The authors created AfriMed-QA, which includes 15,000 questions sourced from over 60 medical schools across 16 African countries. This dataset covers 32 medical specialties and includes both multiple-choice questions and open-ended questions. They evaluated 30 different LLMs to see how well they performed in answering these questions, focusing on accuracy and bias. The findings showed that while some models performed well, there were significant variations based on the specialty and region.

Why it matters?

This research is important because it provides a valuable resource for improving healthcare in Africa by enabling better training and evaluation of AI systems that can assist in medical decision-making. By addressing the specific needs of African healthcare, AfriMed-QA can help ensure that LLMs are more effective and reliable in providing medical information, ultimately improving patient care and access to healthcare services.

Abstract

Recent advancements in large language model(LLM) performance on medical multiple choice question (MCQ) benchmarks have stimulated interest from healthcare providers and patients globally. Particularly in low-and middle-income countries (LMICs) facing acute physician shortages and lack of specialists, LLMs offer a potentially scalable pathway to enhance healthcare access and reduce costs. However, their effectiveness in the Global South, especially across the African continent, remains to be established.

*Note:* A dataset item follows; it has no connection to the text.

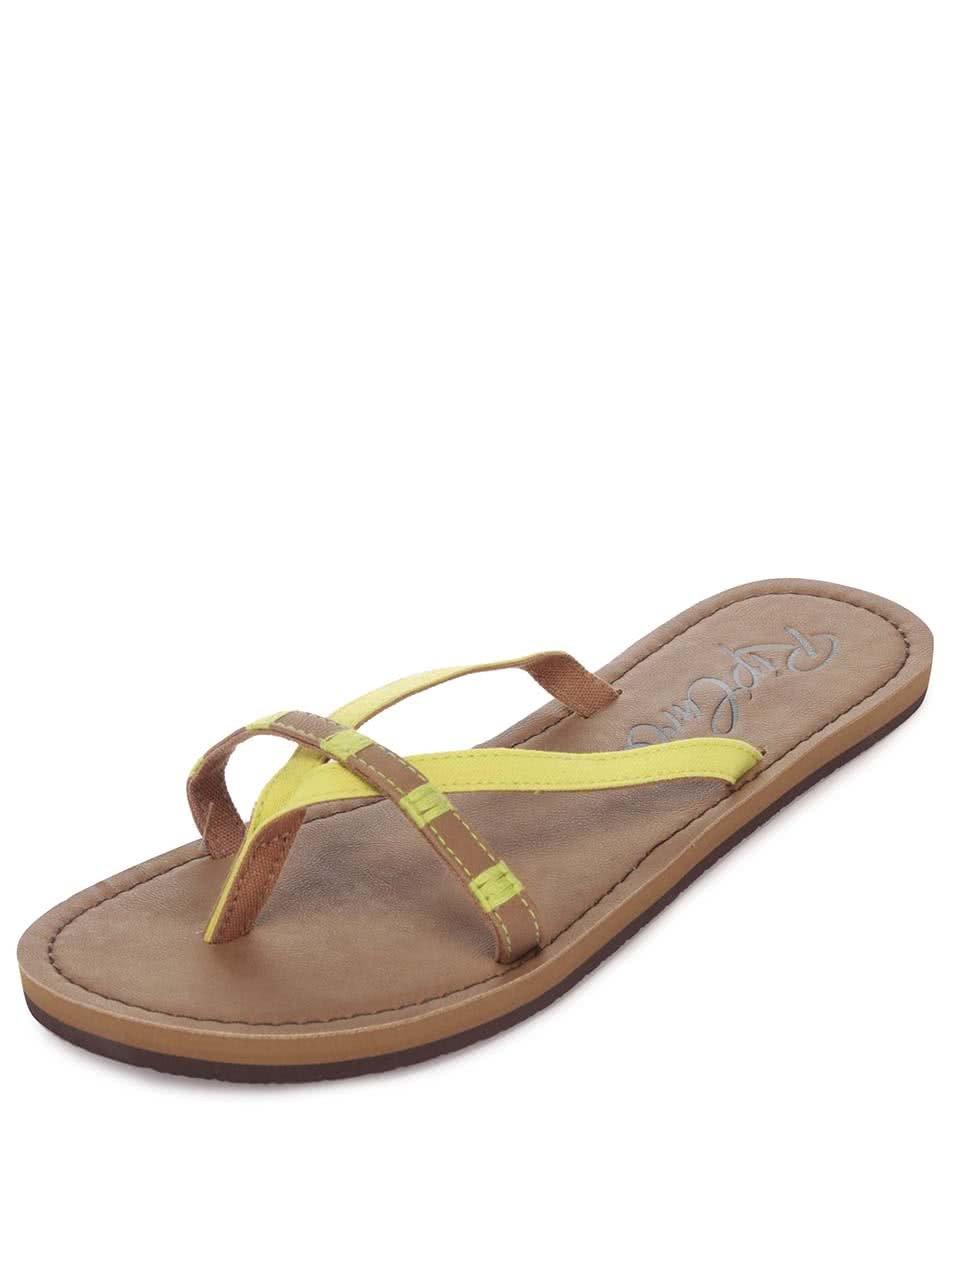 Žluto-hnědé dámské žabky s ozdobnými korálky Rip Curl Coco ... 29855d6a11

In this work, we introduce AfriMed-QA, the first large scale Pan-African English multi-specialty medical Question-Answering (QA) dataset, 15,000 questions (open and closed-ended) sourced from over 60 medical schools across 16 countries, covering 32 medical specialties. We further evaluate 30 LLMs across multiple axes including correctness and demographic bias. Our findings show significant performance variation across specialties and geographies, MCQ performance clearly lags USMLE (MedQA). We find that biomedical LLMs underperform general models and smaller edge-friendly LLMs struggle to achieve a passing score. Interestingly, human evaluations show a consistent consumer preference for LLM answers and explanations when compared with clinician answers.